Linear Predictor (η)¶
The linear combination η = Xβ + offset.
Link Function¶
Function g(μ) connecting mean to linear predictor. See Links.
Log Link¶
Link function g(μ) = log(μ). Ensures positive predictions.
Logit Link¶
Link function g(μ) = log(μ/(1-μ)). Maps (0,1) to ℝ.
Log-Likelihood¶
The log of the probability of observing the data given the model.
M¶
Maximum Likelihood Estimation (MLE)¶
Finding parameters that maximize the likelihood of the data.
N¶
Natural Spline¶
B-spline with additional constraints for linear extrapolation at boundaries.
Negative Binomial¶
Distribution for overdispersed counts. Variance: V(μ) = μ + μ²/θ.
Newton-Raphson¶
Iterative optimization algorithm using gradient and Hessian.
Null Deviance¶
Deviance of the intercept-only model.
O¶
Odds Ratio¶
exp(β) in logistic regression. Multiplicative effect on odds.
Offset¶
Known component added to linear predictor but not estimated. Example: log(exposure).
Overdispersion¶
When observed variance exceeds model-predicted variance.
P¶
P-value¶
Probability of observing test statistic as extreme as computed, under null hypothesis.
Pearson Residual¶
Standardized residual: (y - μ) / √V(μ).
Poisson Family¶
Distribution for count data. Variance: V(μ) = μ.
Prior Weight¶
Known weight for each observation, used in likelihood.
Probit¶
Link function using inverse normal CDF: g(μ) = Φ⁻¹(μ).
PyO3¶
Rust library for Python bindings.
Q¶
QuasiPoisson / QuasiBinomial¶
Quasi-likelihood families that estimate dispersion from data.
R¶
Rayon¶
Rust library for data parallelism.
Reference Level¶
The omitted category in dummy coding (absorbed into intercept).
Regularization¶
Adding penalty to prevent overfitting.

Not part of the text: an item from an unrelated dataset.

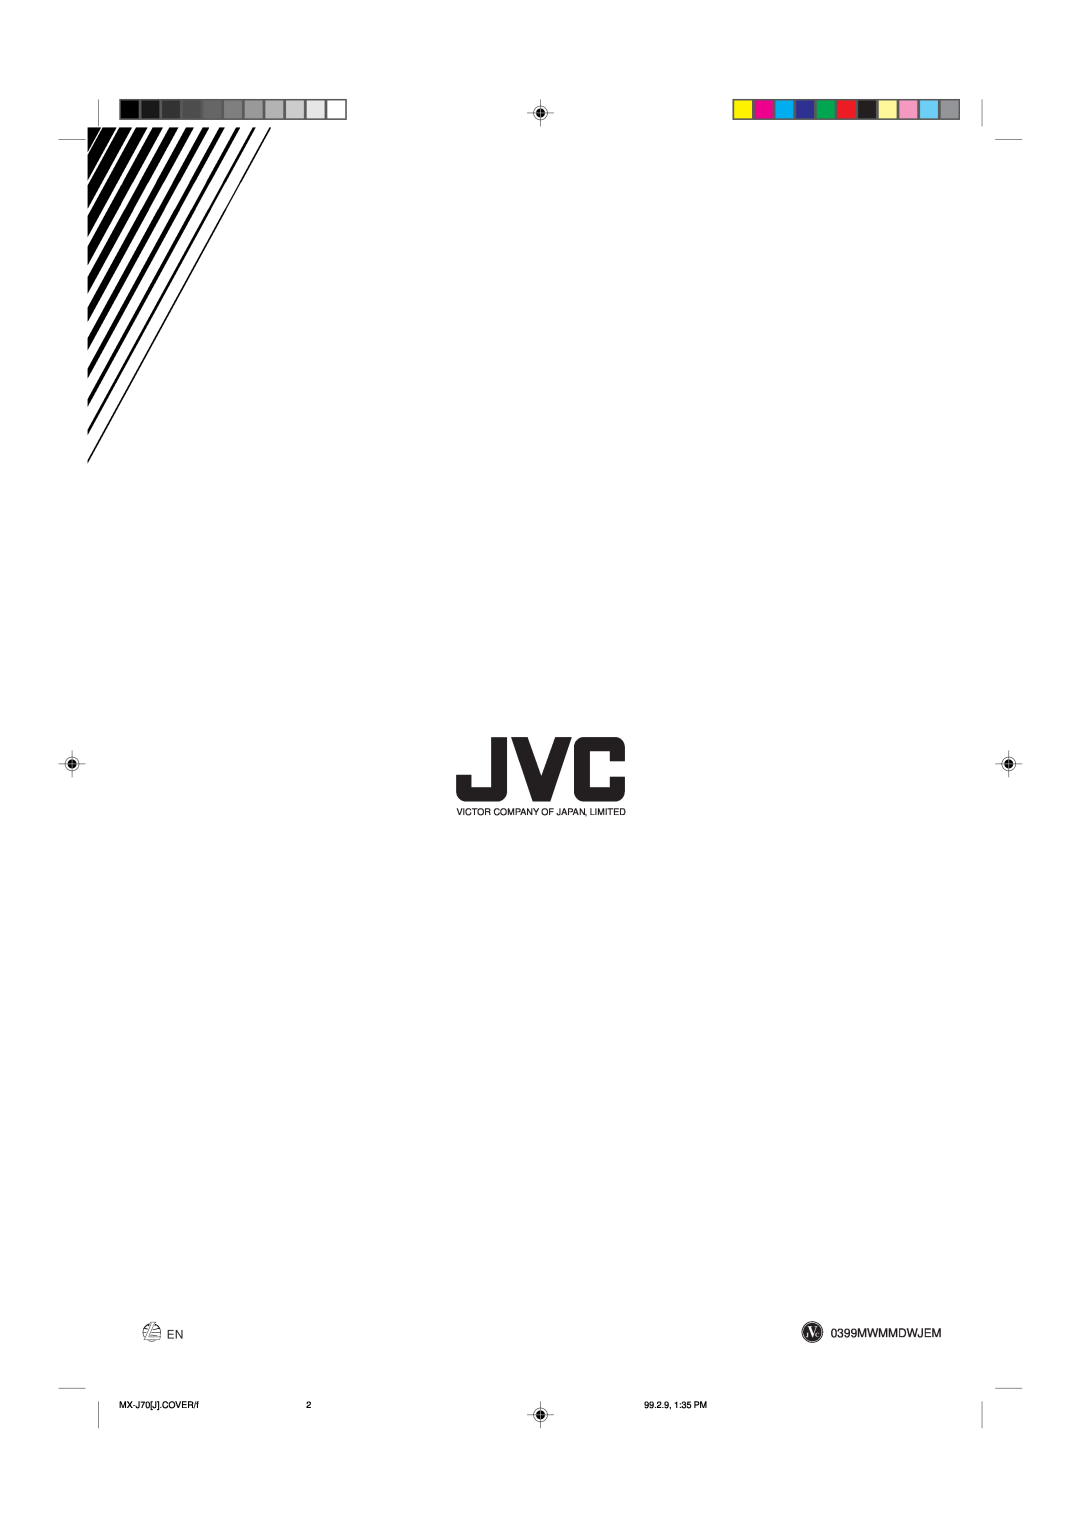 JVC Model MX-J70J manual 0399MWMMDWJEM, Victor Company Of Japan, Limited, MX-J70J.COVER/f, 99.2.9, 1 35 PM

See Regularization.
Relativity¶
exp(β) for log-link models. Multiplicative effect on mean.
Residual¶
Difference between observed and predicted: various types exist.
Ridge¶
L2-penalized regression: min D(β) + α‖β‖₂².
Robust Standard Errors¶
Standard errors that account for model misspecification.
S¶
Sandwich Estimator¶
Robust covariance estimator: (X'WX)⁻¹ × Meat × (X'WX)⁻¹.
Score Function¶
Derivative of log-likelihood with respect to parameters.
Soft Thresholding¶
Operation used in Lasso: S(z,γ) = sign(z)×max(|z|-γ, 0).
Spline¶
Piecewise polynomial function. See Splines.
Standard Error (SE)¶
Estimated standard deviation of a parameter estimate.
T¶
Target Encoding¶
Replacing categories with target-based statistics. See Target Encoding.
Theta (θ)¶
Negative Binomial dispersion parameter. Larger θ = less overdispersion.
Tweedie¶
Family with variance V(μ) = μᵖ. Useful for insurance pure premiums.
U¶
Unit Deviance¶
Per-observation contribution to total deviance.
V¶
Variance Function¶
V(μ) defining how variance relates to mean: Var(Y) = φ×V(μ).
Variance Power (p)¶
Parameter in Tweedie family: V(μ) = μᵖ.
W¶
Wald Test¶
Hypothesis test using (β̂/SE)² as test statistic.
Weights¶
Prior observation weights or IRLS working weights.
Working Response¶
Linearized response in IRLS: z = η + (y - μ)×g'(μ).
Working Weights¶
IRLS weights: W = 1/[V(μ)×g'(μ)²].
Z¶
z-statistic¶
Test statistic: z = β̂ / SE(β̂). Used for hypothesis testing.